Complete step-by-step answer:
The LHS of the given expression is \[\left| \begin{matrix}
{{x}^{3}} & 3{{x}^{2}} & 3x & 1 \\
{{x}^{2}} & {{x}^{2}}+2x & 2x+1 & 1 \\
x & 2x+1 & x+2 & 1 \\
1 & 3 & 3 & 1 \\
\end{matrix} \right|\]
We know that when the \[{{R}_{1}}={{R}_{1}}-{{R}_{2}}\], the determinant is unchanged.
Here \[{{R}_{i}}\] is the \[{{i}^{th}}\] row of the determinant.
Thus, we get
\[\left| \begin{matrix}
{{x}^{3}}-{{x}^{2}} & 3{{x}^{2}}-\left( {{x}^{2}}+2x \right) & 3x-\left( 2x+1 \right) & 1-1 \\
{{x}^{2}} & {{x}^{2}}+2x & 2x+1 & 1 \\
x & 2x+1 & x+2 & 1 \\
1 & 3 & 3 & 1 \\
\end{matrix} \right|\]
\[=\left| \begin{matrix}
{{x}^{3}}-{{x}^{2}} & 3{{x}^{2}}-{{x}^{2}}-2x & 3x-2x-1 & 0 \\
{{x}^{2}} & {{x}^{2}}+2x & 2x+1 & 1 \\
x & 2x+1 & x+2 & 1 \\
1 & 3 & 3 & 1 \\
\end{matrix} \right|\]
\[=\left| \begin{matrix}
{{x}^{3}}-{{x}^{2}} & 2{{x}^{2}}-2x & x-1 & 0 \\
{{x}^{2}} & {{x}^{2}}+2x & 2x+1 & 1 \\
x & 2x+1 & x+2 & 1 \\
1 & 3 & 3 & 1 \\
\end{matrix} \right|\]
We know that when the \[{{R}_{2}}={{R}_{2}}-{{R}_{3}}\], the determinant is unchanged.
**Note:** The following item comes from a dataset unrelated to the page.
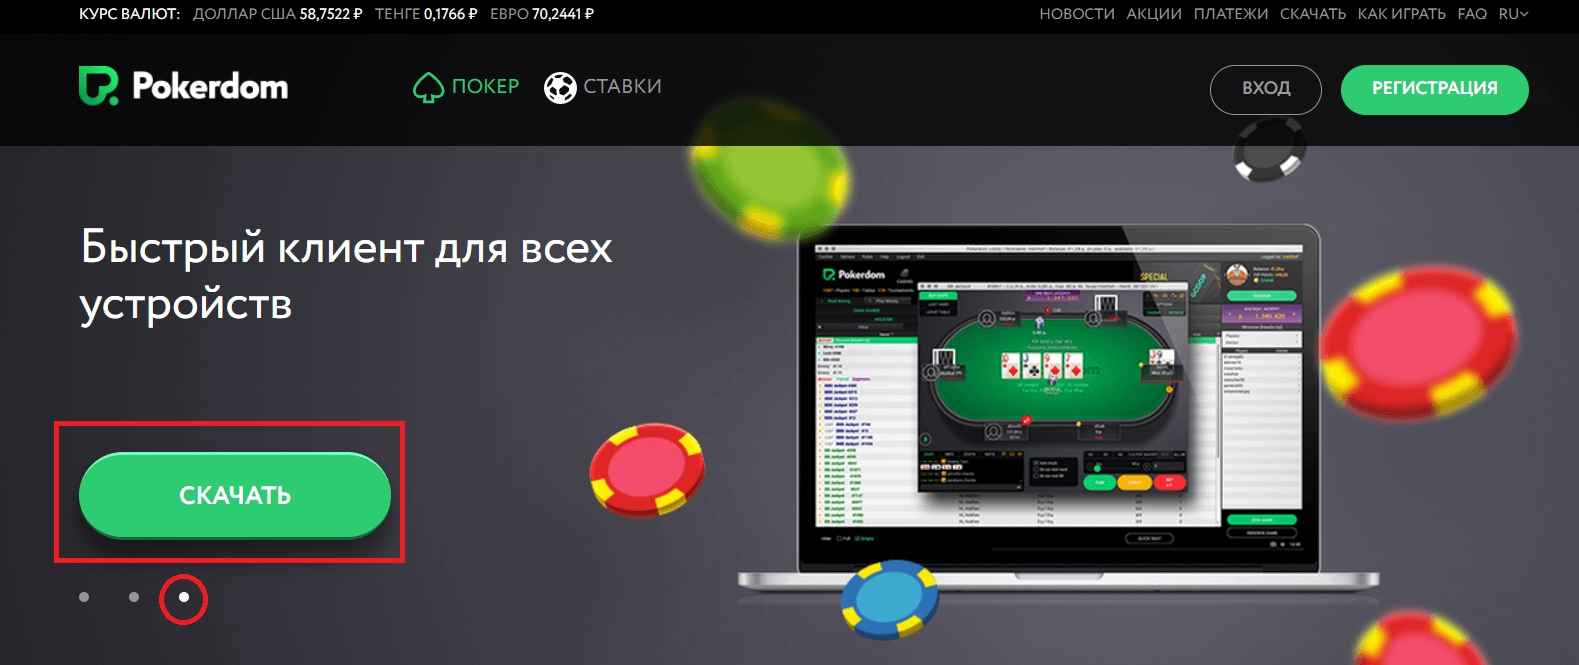 покердом онлайн pokerdom casino play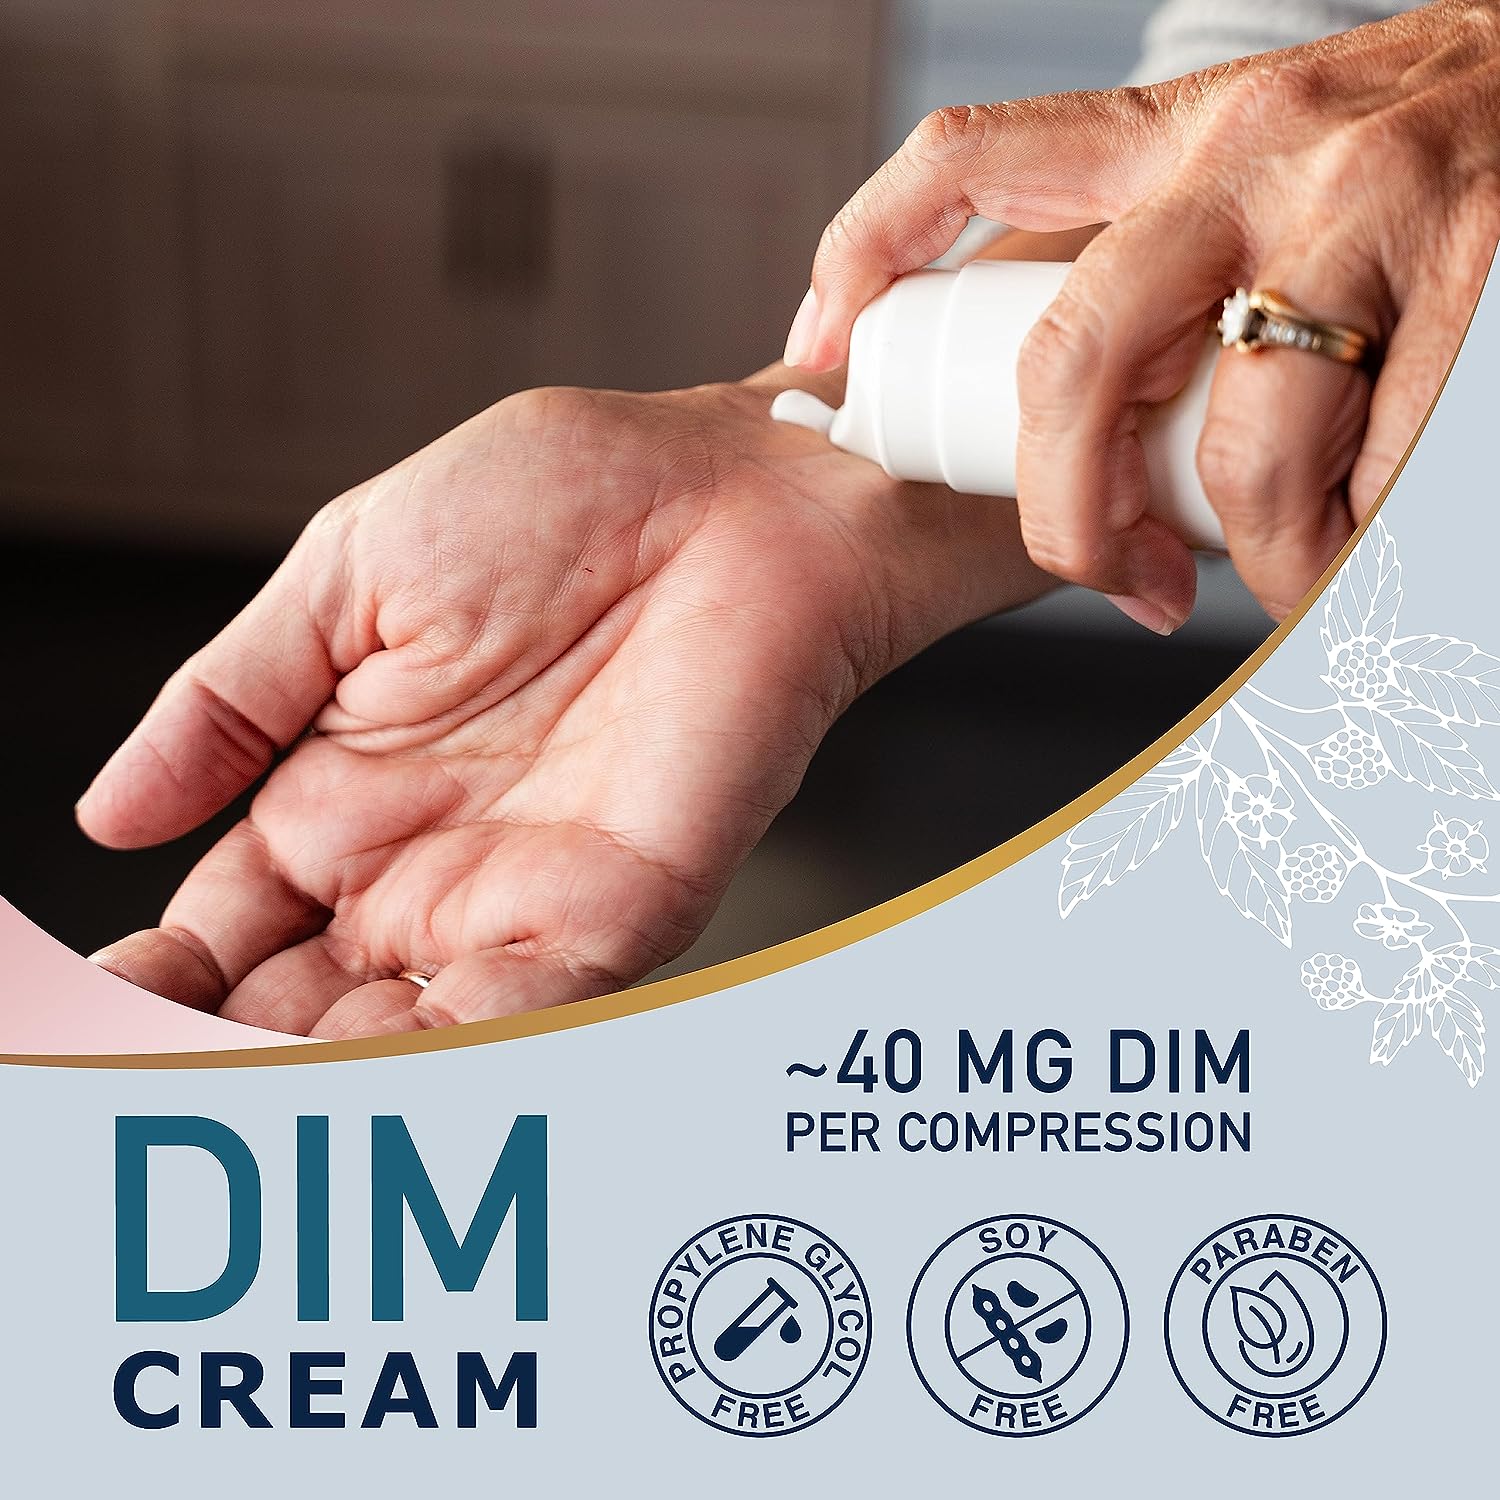 DIM Cream Supplement review

Thus, we get
\[\left| \begin{matrix}
{{x}^{3}}-{{x}^{2}} & 2{{x}^{2}}-2x & x-1 & 0 \\
{{x}^{2}}-x & {{x}^{2}}+2x-(2x+1) & 2x+1-(x+2) & 1-1 \\
x & 2x+1 & x+2 & 1 \\
1 & 3 & 3 & 1 \\
\end{matrix} \right|\]
\[=\left| \begin{matrix}
{{x}^{3}}-{{x}^{2}} & 2{{x}^{2}}-2x & x-1 & 0 \\
{{x}^{2}}-x & {{x}^{2}}+2x-2x-1 & 2x+1-x-2 & 0 \\
x & 2x+1 & x+2 & 1 \\
1 & 3 & 3 & 1 \\
\end{matrix} \right|\]
\[=\left| \begin{matrix}
{{x}^{3}}-{{x}^{2}} & 2{{x}^{2}}-2x & x-1 & 0 \\
{{x}^{2}}-x & {{x}^{2}}-1 & x-1 & 0 \\
x & 2x+1 & x+2 & 1 \\
1 & 3 & 3 & 1 \\
\end{matrix} \right|\]
We know that when the \[{{R}_{3}}={{R}_{3}}-{{R}_{4}}\], the determinant is unchanged. Thus, we get
\[\left| \begin{matrix}
{{x}^{3}}-{{x}^{2}} & 2{{x}^{2}}-2x & x-1 & 0 \\
{{x}^{2}}-x & {{x}^{2}}-1 & x-1 & 0 \\
x-1 & 2x+1-3 & x+2-3 & 1-1 \\
1 & 3 & 3 & 1 \\
\end{matrix} \right|\]
\[=\left| \begin{matrix}
{{x}^{3}}-{{x}^{2}} & 2{{x}^{2}}-2x & x-1 & 0 \\
{{x}^{2}}-x & {{x}^{2}}-1 & x-1 & 0 \\
x-1 & 2x-2 & x-1 & 0 \\
1 & 3 & 3 & 1 \\
\end{matrix} \right|\]
We know that the formula for determinant of 4x4 matrix is given by
\[\left| \begin{matrix}
{{a}_{1,1}} & {{a}_{1,2}} & {{a}_{1,3}} & {{a}_{1,4}} \\
{{a}_{2,1}} & {{a}_{2,2}} & {{a}_{2,3}} & {{a}_{2,4}} \\
{{a}_{3,1}} & {{a}_{3,2}} & {{a}_{3,3}} & {{a}_{3,4}} \\
{{a}_{4,1}} & {{a}_{4,2}} & {{a}_{4,3}} & {{a}_{4,4}} \\
\end{matrix} \right|=\sum\limits_{i=1}^{4}{{{a}_{i,4}}{{(-1)}^{i+4}}{{\Delta
}_{i,4}}}={{a}_{1,4}}{{(-1)}^{1+4}}{{\Delta }_{1,4}}+{{a}_{2,4}}{{(-1)}^{2+4}}{{\Delta }_{2,4}}+{{a}_{3,4}}{{(-1)}^{3+4}}{{\Delta }_{3,4}}+{{a}_{4,4}}{{(-1)}^{4+4}}{{\Delta }_{4,4}}\]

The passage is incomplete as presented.